Bei einem meiner letzten Vorträge, bei dem sich ein überaus buntes Gemisch von Menschen eingefunden hatte, unter anderem auch eine Reihe von Männern aus der politisch linken Szene, geschult in Rhetorik und analytischer Beweisführung, wurde mir von eben diesen Herren ein Mangel an Klarheit vorgeworfen. Berechtigt, wie ich zugab, denn meine Herangehensweise an die Dinge geschieht meist intuitiv, was ich jahrelang pflegte und hegte. Mein Schwerpunkt bestand in der Auseinandersetzung mit meinem Selbst, um den Ruck aus dem Kopf ins Herz zu schaffen! Durch das Leerwerden im Kopf, erzielt in jahrelanger Meditation, entdeckte ich den Lebensfluss in mir, dem ich nachging und der mich seitdem leitet.

Seit ein paar Monaten übe ich nun regelmäßig, mit drei Jonglierbällen so umzugehen, dass sie abwechselnd von rechts nach links über die Mitte fliegen, mal von der rechten Hand, dann wieder von der linken aufgefangen werden, wobei ich mir meine beiden Gehirnhälften vorstelle, die sich auf solche Weise miteinander verbinden. Zu diesem Programm gehört auch das „Sudoku- Heft“, ein Geschenk einer Freundin, im rechten Augenblick mir beschert.

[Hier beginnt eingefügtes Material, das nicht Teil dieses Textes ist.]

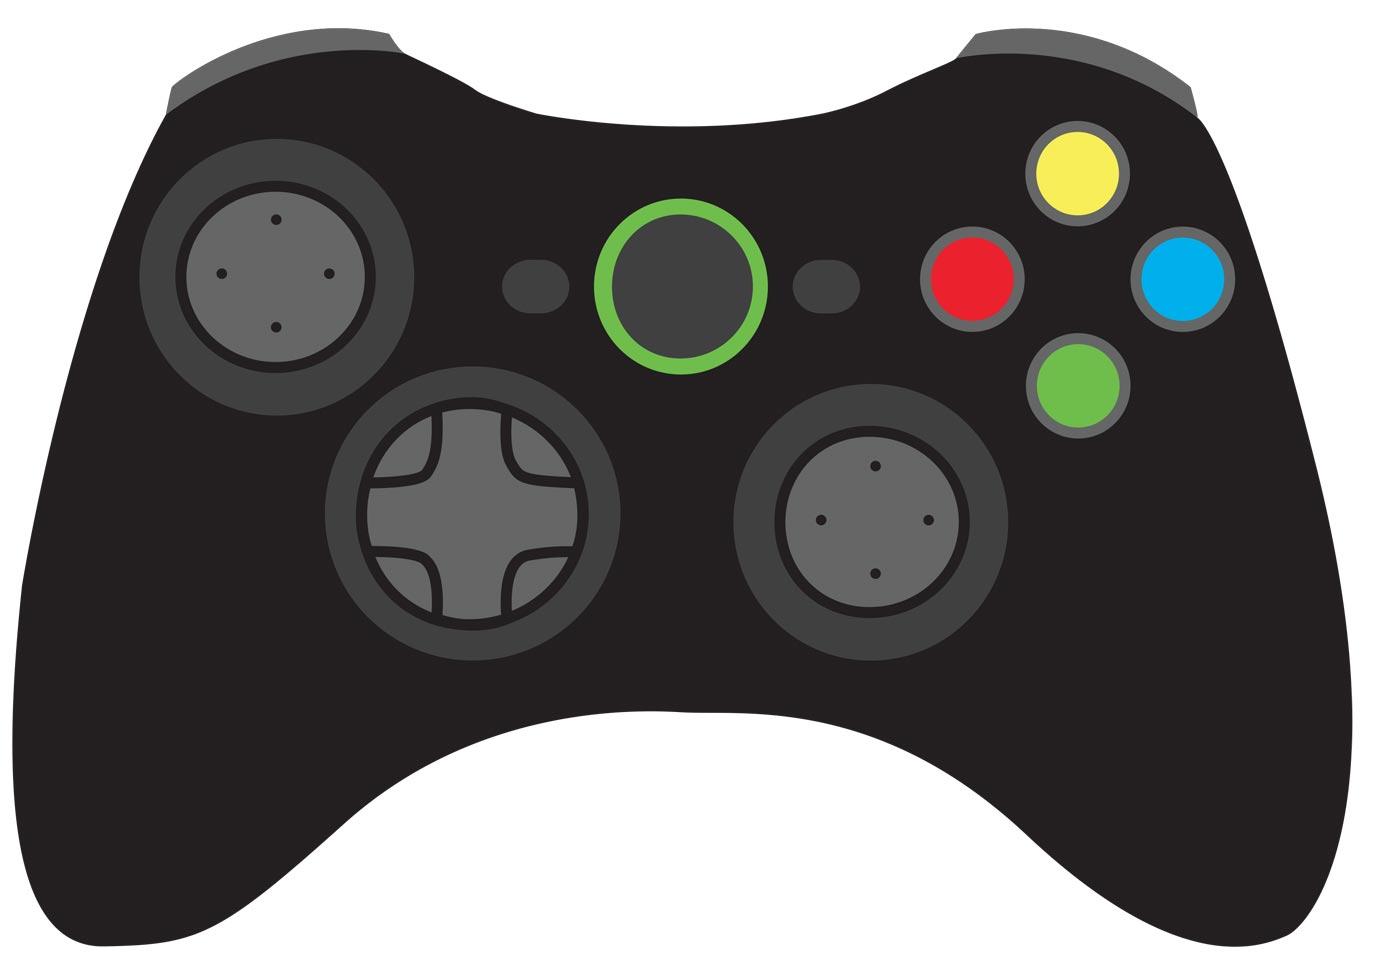 Game Controller Vector | Free Vector Art at Vecteezy!

Bei diesem Spiel geht es um logische Kombinationen von Zahlen, ausgeführt von der linken Gehirnhälfte. Meine linke Gehirnhemisphäre braucht Übung, um mit der rechten mithalten zu können. Eine Verschmelzung der beiden bringt Gelassenheit und inneren Frieden.

Und das gehört zu dem Paradigmawechsel: ein Zusammenspiel der beiden Gehirnhälften, damit der Mensch als ganzheitliches Wesen wirken kann. Wenn wir der Überbewertung der Logik, was über Jahrhunderte geschah, eine ergänzende Sichtweise aus der kreativen, spielerischen Hemisphäre zukommen lassen, verschiebt sich etwas: das Denken kann mit dem Fühlen zusammenfließen, der reine Kopfmensch sein Herz entdecken und umgekehrt. Dass Frauen und Männer so unterschiedlich an die Dinge herangehen, hat damit zu tun, wobei es nicht um eine Verallgemeinerung gehen soll. Jedoch wurden über Jahrhunderte durch die zugeteilten Rollen für Frauen und Männer die Lebensweise vom Gehirn bestimmt und die Werte festgesetzt. Jetzt ist etwas Neues angesagt, nämlich Geduld zu entwickeln für unsere eigenen Schwächen, um sie auszugleichen, Integration herzustellen und damit den erforderlichen Wertewandel zu erzielen. Gleichzeitig entdecken und schätzen wir unsere Stärken, die als Ergänzung zu den Stärken der anderen gefügt werden können, so dass ein Ganzes entsteht. So konnte ich die Kritik der Männer an dem Abend als Geschenk empfinden, musste mich nicht klein machen, weil ich weiß, dass ich meine Schwächen ausgleichen kann und an diesem Abend meine Lebendigkeit den anderen als Geschenk bringen durfte.